IRS further delays interest rules on cash balance accounts

Source: ebn.benefitnews.com

By Mark Lofgren

We understand that the IRS and Treasury continue to work on developing final regulations to implement the market rate of return limitations that apply to interest credits made to cash balance accounts. This has proved to be a particularly difficult area for the government to address and one that has received significant comments from cash balance plan sponsors and practitioners.

As a result, we still do not have final rules in this area, despite the publication of proposed regulations (and partial final regulations) back in 2010. However, the IRS recently provided an update on the ultimate timing of the final market rate regulations and on how the “MAP-21” (the Moving Ahead for Progress in the 21st Century Act) pension funding relief rules may impact interest credits under some cash balance plans.

In Notice 2012-61, which addresses a number of issues related to pension funding stabilization rules enacted in MAP-21, the IRS has provided the following important guidance regarding cash balance plans:

  • Final cash balance “market rate” regulations not effective prior to 1/1/14. The Notice indicates that the regulations governing the market rate of return limits that apply to cash balance plan interest credits will not become effective earlier than plan years that begin on or after January 1, 2014. This is welcome news since another year is nearing an end without final regulations in this area. If final regulations are issued later this fall (there is some chance of this, though we are not holding our breath), plan sponsors will not be forced to comply with the rules until after the 2013 plan year.
  • Possible impact of MAP-21 changes for cash balance plans that use the segment rates to determine interest credits. As permitted under existing IRS guidance, some cash balance plans use one of the segment rates under Code section 430(h)(2)(C) to determine the interest credits to be added to participants' cash balance accounts under the plan. The Notice addresses how the smoothing of these rates for plan funding purposes may impact the interest credits to be made to cash balance accounts in these plans.
  • MAP-21 smoothing impact is permissible (for now), but not required. If a cash balance plan defines its interest crediting rate with reference to one of the segment rates, the plan administrator can reasonably interpret plan terms to either apply or not apply the MAP-21 smoothing to the specified segment rate in determining interest credits.

Further, if such a plan is amended to specify which approach is being taken and the amendment is adopted by the deadline set by the IRS to meet the final cash balance market rate of return requirements (which will not be prior to 1/1/14), the amendment will not be considered an impermissible cut-back of benefits under Code section 411(d)(6) and will not trigger an advance participant notice under ERISA section 204(h) (this is the notice generally required when an amendment results in the significant reduction in future benefit accruals).

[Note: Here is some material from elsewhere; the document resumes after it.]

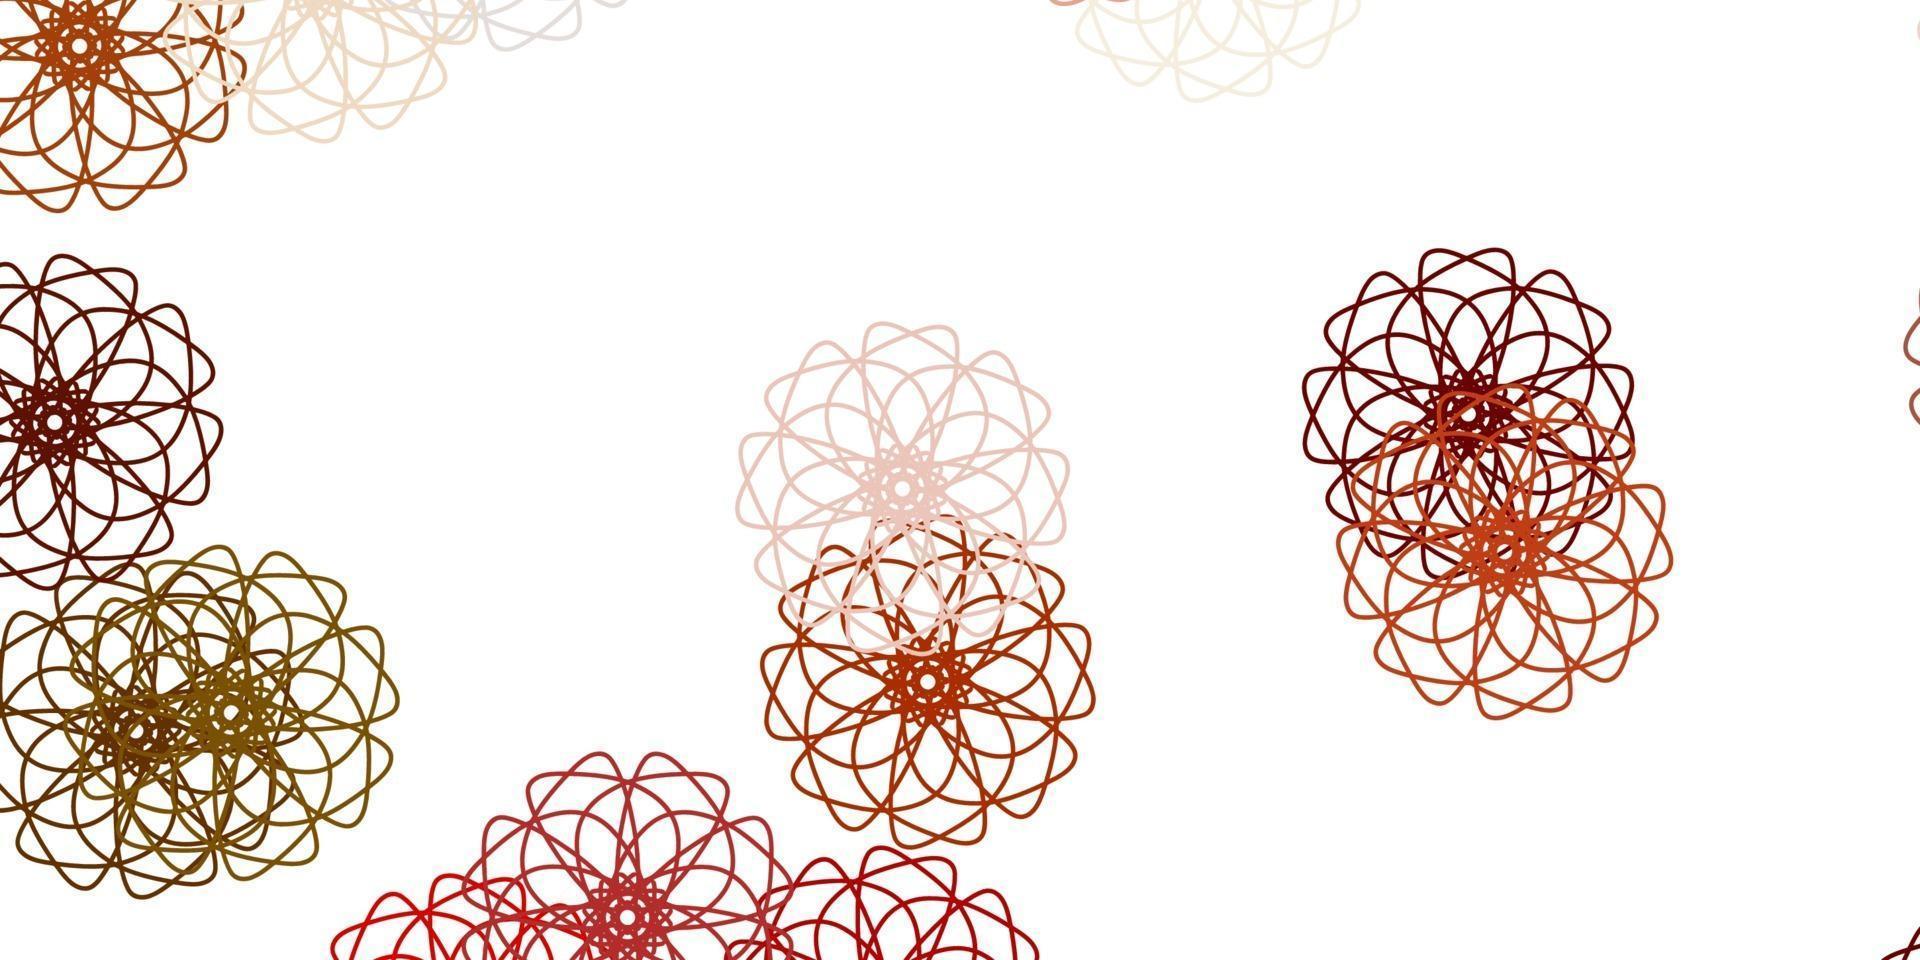 textura do doodle do vetor multicolor luz com flores.

  • Application of MAP-21 smoothing. If a plan is interpreted to apply the MAP-21 smoothing to determine interest credits, the plan must apply the new rate to determine interest credits beginning either (1) the first day of the first plan year for which the MAP-21 rates apply for funding purposes, or (2) the first day of the plan year beginning in 2012. Once a plan has been interpreted to use the smoothing in determining interest credits, the plan cannot be changed to stop using the smoothing for this purpose without triggering the 411(d)(6) anti-cutback protections (unless future guidance provides otherwise).
  • MAP-21 smoothing may not meet final market rate rules. The Notice cautions that it is not a foregone conclusion that the MAP-21 adjusted segment rates will be approved as within the market rate limitations. If the final market rate regulations do not permit a cash balance plan to use the MAP-21 segment rates for interest crediting, then any plan using such rates must change to a permissible rate in accordance with applicable transition rules that will be set out by the IRS. Given this caution about whether the MAP-21 adjusted rates will be permissible in the long run, plan sponsors that currently use a segment rate for interest credits will want to carefully consider the potential implications of moving to the MAP-21 modifications for this purpose prior to the issuance of final IRS guidance on the market rate rules.

In our experience, it is unusual for the IRS to indicate that the plan administrator is permitted to make this sort of plan interpretation without a corresponding plan amendment. In any event, plan sponsors in this position will want to carefully consider with their counsel the pros and cons of both approaches.

 


Cash Balance Bounce

Cash balance plans increased by 21 percent in 2010 (the latest data available), nearly doubling 2009's jump of 11 percent, according to the 2012 National Cash Balance Research Report by Kravitz. Cash balance plans are growing faster than all other retirement plans, including 401(k)s, which logged a 1 percent decline over the same period.